WOMAN2WOMAN: When your partner is emotionally abusive

When Cathy met her boy friend, five years ago at the University, their relationship was in good shape.

When Cathy met her boy friend, five years ago at the University, their relationship was in good shape.

But just like any relationship – with time the excitement faded.  However her biggest challenge came when she discovered the man she loved was having an affair.
Armed with all the evidence to prove he was having an affair, she decided to confront him.

Instead her boyfriend “shot” back at her by deciding to remain silent about the issue. He neither denied nor accepted “the charges” against him.

For two months he avoided her, never picked or returned her calls.

“I was so heartbroken- I loved him so much that all I wanted was him to say he was sorry! But he never did and this hurt me so much,” she recalls.

And here is the kicker: She did not know he was doing it. Because no hitting was involved, she simply did not have a name for the behaviour that made her feel “diseased” in his presence: the subtle put-downs, the physical avoidance, the mocking.

Experts do, though. They call it emotional abuse, and it is as widespread in romantic relationships as it is misunderstood.

In the simplest terms, emotional abuse is defined as behaviour and language designed to degrade or humiliate someone by attacking their self-value or personality.

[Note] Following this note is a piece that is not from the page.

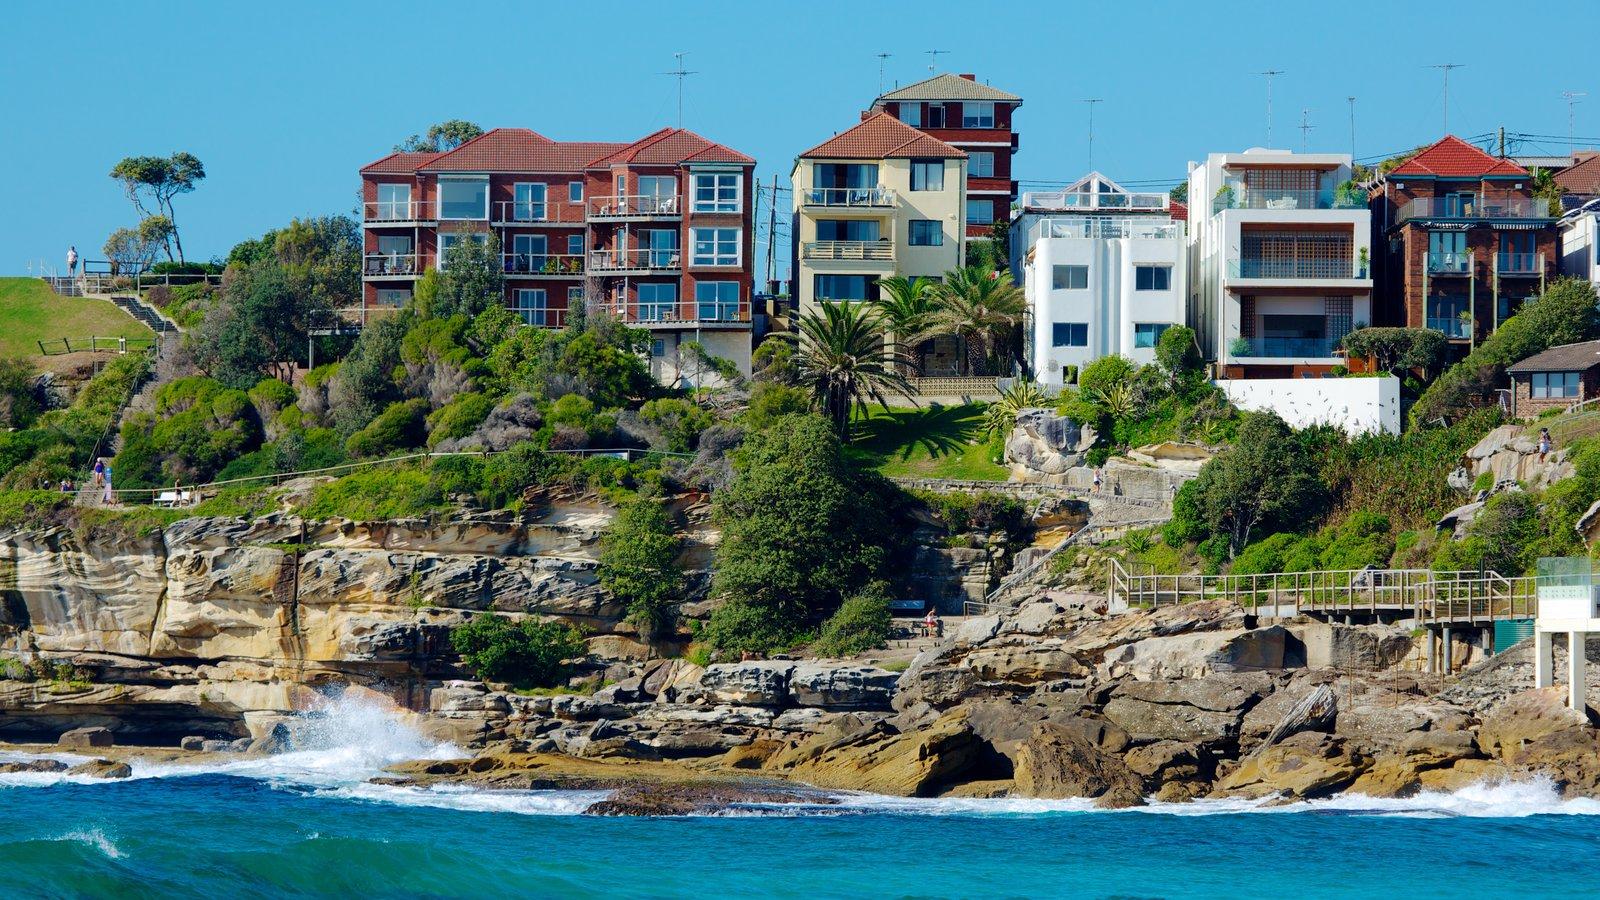 Bondi Beach showing rocky coastline, a house and a coastal town

While a normal couple may disagree about how to spend money, for example, an emotional abuser will make his partner feel as though she is too stupid to understand the intricacies of finances.

It can range from verbal abuse—yelling, blaming, shaming, and name-calling—to isolation, intimidation, and threats. It also commonly shows up as stonewalling and dismissing, behaviours that make victims feel alone and unimportant.

Although there are few firm statistics on emotional abuse’s prevalence among couples, experts say as many as two-thirds experience it, one-third of them chronically.

Its effects can be devastating: depression, anxiety, and destroyed self-esteem. “It’s very erosive,” says Marti Loring, Ph.D., author of Emotional Abuse. “Whether it’s overt or covert, the abuse negates a woman’s very being.”
For some women, abuse soon becomes “a way of life” just because they have been socialized to settle for literally “anything” from a man including violence.

But this is a typical recipe for disaster in life. One can never be happy in their home, if they feel threatened or insecure.

Over time, this tiptoeing around can devastate a woman, making her anxious, fatigued, and depressed, experts say. What’s more, she thinks it’s all her fault, and the very thought of leaving the relationship can add a layer of guilt and shame to the pile of negative emotions.

Loring says, “Women will tell me, ‘I would rather he hit me, because at least I can heal from the strike.’ But the emotional abuse just rings out in their minds with cruelty.”

And as a matter of fact accepting any kind of abuse only makes it worse – your partner will keep abusing as long as you do not show resistance.

Never tolerate any form of abuse in a relationship – life is too short to let someone waste it before you. If somebody loves you, they should be in position to treat you with respect and not hurt you in any way.